Credentialing for Death Investigation Still Lags, Nurses Say
By Kelly M. Pyrek
Part one of two articles.
Talk to just about any forensic nurse and you’ll
discover what they tend to crave most is respect from their colleagues in the
forensic science and criminal justice communities, especially when it comes to
their pursuit of advanced training, specialized education and the widely
recognized, professional credentials and certifications that designate them as
bona fide members of the medico-legal elite.
Even without their detractors, forensic nurses face numerous challenges.
While the specialty has been formally recognized by the American Nurses
Association, forensic nursing is still a conundrum to industry, healthcare and
science in general. The number of forensic nurses also is still relatively
small, although nursing is increasingly beginning to recognize that all nurses
instinctively have and must continue to cultivate their forensic sensibilities.
Internet chat rooms are still filled with dozens and dozens of new and veteran
nurses who are intrigued by forensic nursing but haven’t any idea of the
responsibilities that come with the role or a proper understanding of the
concept of the living forensic patient vs. a forensic nurse’s contributions to
death investigation.
Just ask Meliss Vessier-Batchen, RN, MSN, SANE, assistant professor at the
Charity School of Nursing at Delgado Community College in Louisiana. She
frequently does death investigation as a reservist for the St. Tammany parish
coroner’s office, and says breaking into this specialty can be extremely
challenging. Vessier-Batchen adds that she encountered difficulties when she
approached other parishes about doing ride-alongs with investigators.
“Jefferson Parish has an excellent forensic center but its senior
investigator was not very receptive to nurses because of some past problematic
encounters. I think I have made headway in changing his mind about what
(forensic nurses) can do and how we can help, but only time will tell. There are
rarely many death investigation positions available, even in large parishes. I have been told that most of the investigators leave only when forced to
retire or ‘die out of the position.’ I was fascinated with the fact that
these people are so committed to their work. They go to work sick or well, tired
or not.’
Vessier-Batchen says the reservist program has its challenges because
of low pay and politics. “The reservist program is totally voluntary, with no
pay, and the reservist rides with a regular investigator. I was hired in September as a contract investigator, which means that I carry
a badge and get paid.”
Since enrolling in a doctoral program at Louisiana State University Health
Sciences Center (LSUHSC) with the goal of teaching more nurses about forensic
science, Vessier-Batchen says she has witnessed encouraging change in the
system. “Since my doctoral studies have begun and I’ve shared many of my thoughts
and ideas about investigators, training, education, and registry, the office has
begun looking at those very topics. The senior investigators are very interested
in making the office more cohesive and ensuring consistency across the board for
investigators, regular and reservist alike. The office is now looking at the
American Board of Medicolegal Death Investigators (ABMDI) registry for all
investigators. There is now a response team used by the office to attend scenes
of suicides to help in the coping responses of survivors. I have spoken with the
head of this team and she has expressed excitement in having a nurse in the
death investigation role, so there is much in the works. In an informal survey I
conduct every time I have the chance, death investigators across the country are
not well recognized and are definitely not paid as though they do an important
job. There are some exceptions, but even in the offices specifically using
forensic nurse death investigators (FNDIs), pay is well below bedside salaries.

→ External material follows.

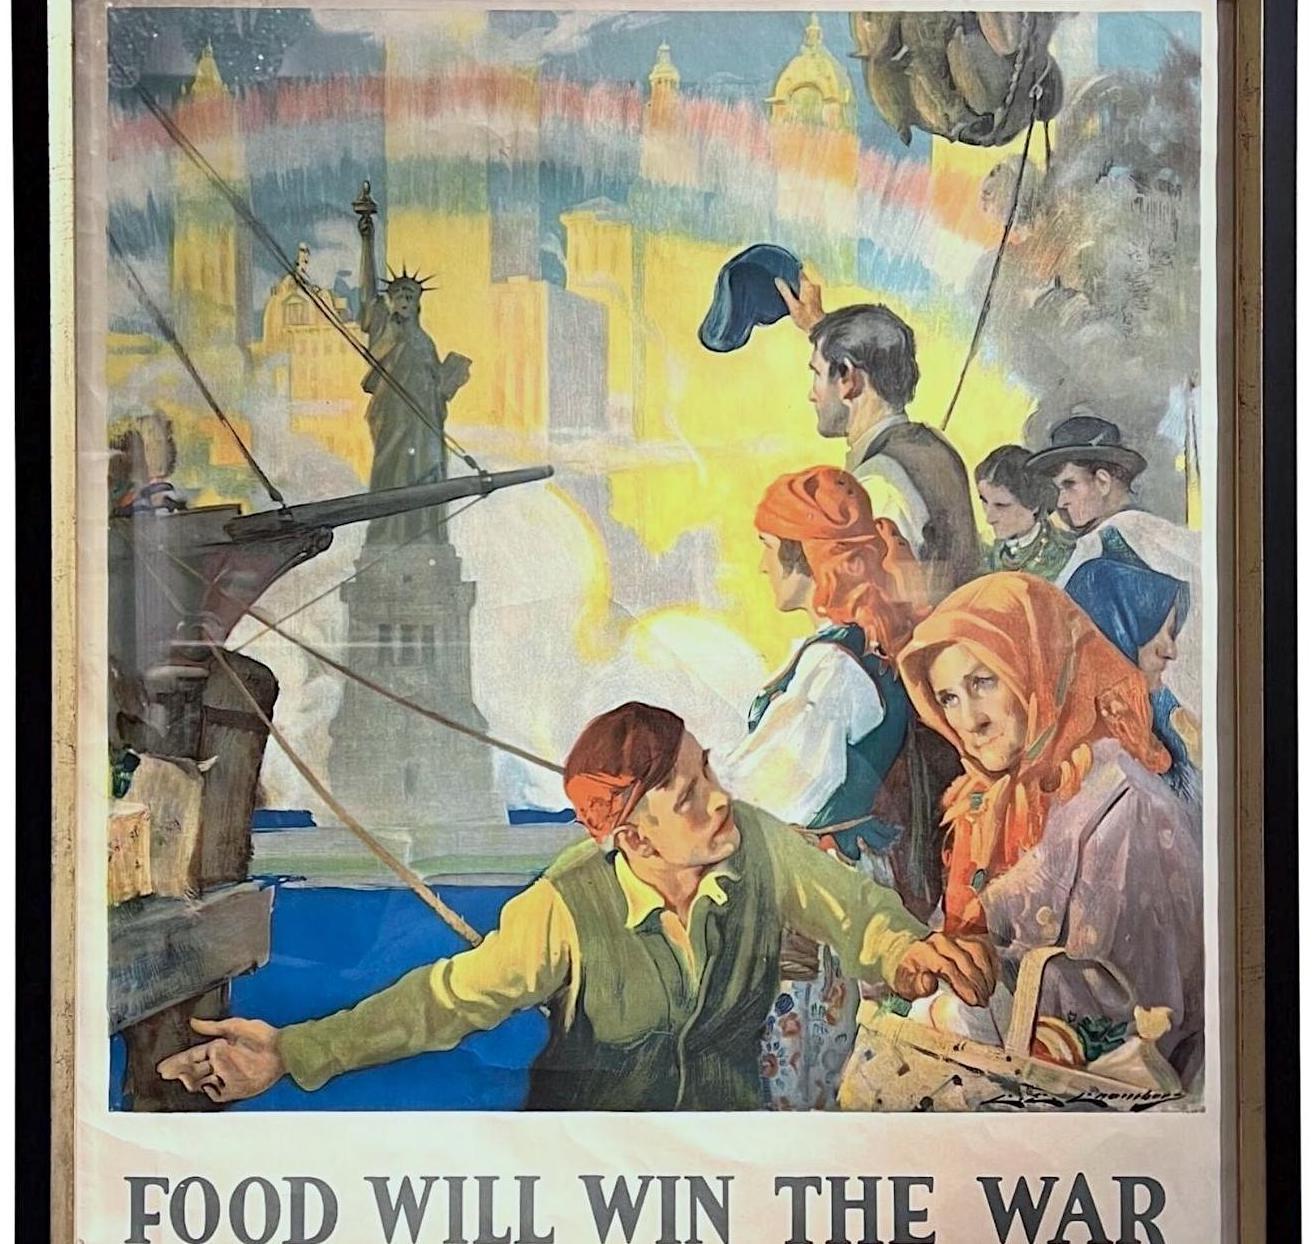 Presented is an original WWI United States Food Administration propaganda poster. This poster appeals to American immigrants, urging them to support the war effort through food conservation. The illustration depicts immigrants on the docks of Ellis

This may deter many nurses from pursuing full-time employment in the field.
There are also political implications, at least in the coroner systems. This hinders raising the level of professionalism and minimal requirements
for investigators. This trend is disturbing to me, but I am working through many
avenues to change the way it’s done.”
Vessier-Batchen says her knowledge of death investigation was key to helping
her attain her SANE credential, a process she acknowledges is different from
most forensic nurses. “My death investigation experiences actually helped me
with the SANE training, and this may be backward for most. I’ve been told I’m
very unique. I do not see forensic nursing as a branching out of SANE/SART
roles. The roles of forensic nurses are very distinct and although knowledge may
be similar in some aspects (evidence collection, interviews, etc.) many of the
SANEs I know say they could never cross over to my area of interest and
practice. By the same token, my legal nurse consultants have no desire to either
do sexual assault examinations or death investigation. The FNDIs I’ve spoken
with have no desire to practice SANE. I took the route of SANE training to
answer a need in the community and because of the academic area I was trying to
establish. We have no programs in Louisiana that teach forensic nursing. I am
the first here at a doctoral level as far as I know. I felt I needed a more
diverse understanding of other roles in forensic nursing but my true focus and
interest has always been death investigation.”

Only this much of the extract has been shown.